Но другая проблема встала в полный рост. Боеприпасы кончаются. Бортовые крупнокалиберные "гочкисы" уже отдали остаток боекомплекта в носовую пулеметную башенку — гатлинг кормить. Он на велоприводе ел патроны очень даже активно. Даже специальные магазины повышенной емкости приходилось менять чаще обычного. "Гочкисы" же в отсутствии свободного обдува грелись, и спасала пока только ограниченная емкость кассет, дающая вынужденные перерывы в стрельбе.
Но,… кто же мог ожидать такой интенсивности огня? Ни мы, ни тем более враги на такое и не рассчитывали. Вот они и валяются на насыпи да по высоким берегам Цыси. Около сотни тел. Да еще у разбитого паровоза не меньше пяти десятков наколотили. По золотым галунам погон видно не менее восьми павших смертью храбрых офицеров. А не фига махая сабелькой в полный рост бегать в атаку на бронепоезд.
Эх… была бы дистанция боя побольше, пошире… Как раз у меня пушки длинные. А то есть такая теоретическая возможность, что если за потерями царцы не постоят, то сомнут они нас. Накоротке-то. Рывком. Шапками закидают. Их в батальоне, который перевозил разбитый мною эшелон, не меньше тысячи штыков. Хвала ушедшим богам, что боезапас у них также был ограничен на перегоне.
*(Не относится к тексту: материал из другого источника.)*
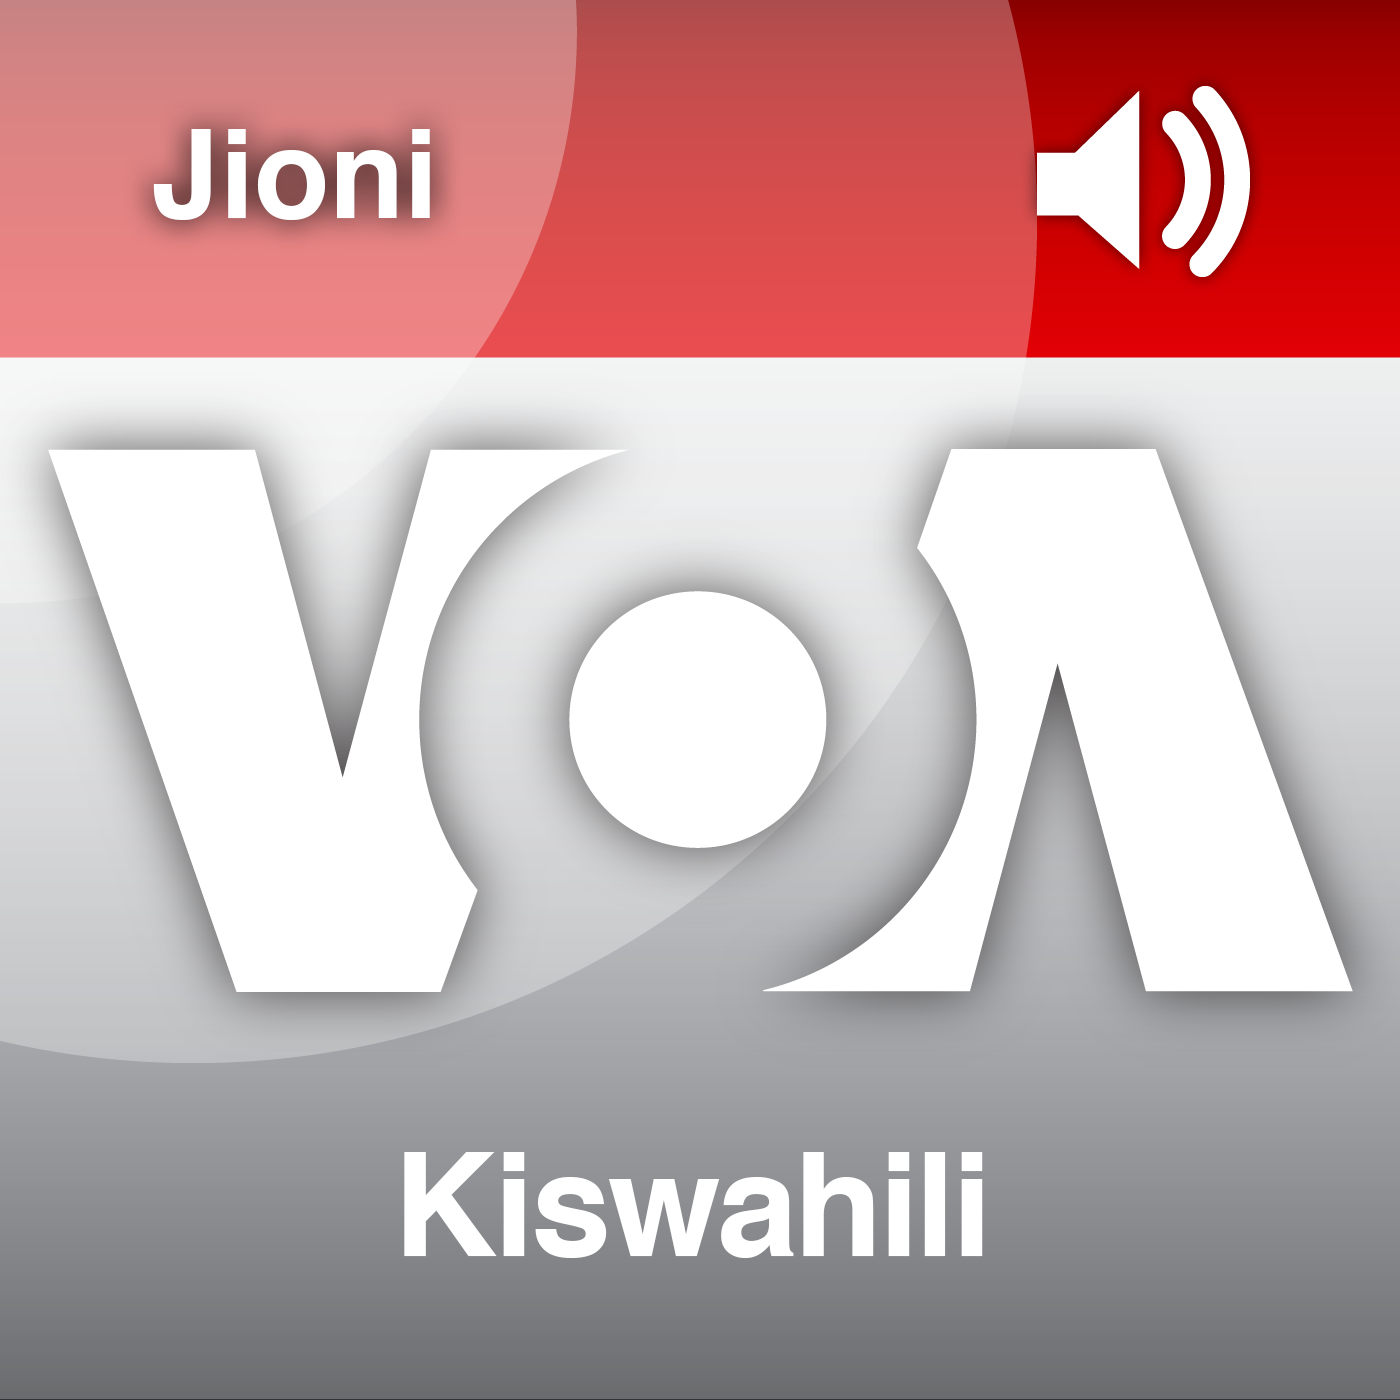 VOA Mitaani - Voice of America

Стрелять с некоторого времени стали совсем редко.
Семеро у меня в экипаже ранены выбитыми заклепками да окалиной металла сорвавшейся с бронелиста внутри кубрика от попыток бронебойных ударов врагов. Да Болинтер, дятел штатский, уронил себе раскаленный шар на сапог от неожиданности. Что там творится со штурмовиками на платформе, даже не представляю — за башнями плохо видно. Все же как и корабли БеПо больше рассчитаны на бортовой залп.
— Тавор, — позвал я денщика, который весь бой изображал из себя третий номер крупнокалиберного "гочкиса".
— Командир?
— Пока затишье образовалось, забирай ходячих раненых и дуй через мост на наш берег. Организуй доставку нам патронов, вторым рейсом — снарядов. А то мы скоро пустыми останемся. И узнай точное время, когда минеры все закончат? Пусть закругляются. "Хорошенького — понемножку", как моя бабушка говорила.
Перераспределили расчеты и выпустили раненых через задний люк, благо еще твердая поверхность берега была, а не сам мост.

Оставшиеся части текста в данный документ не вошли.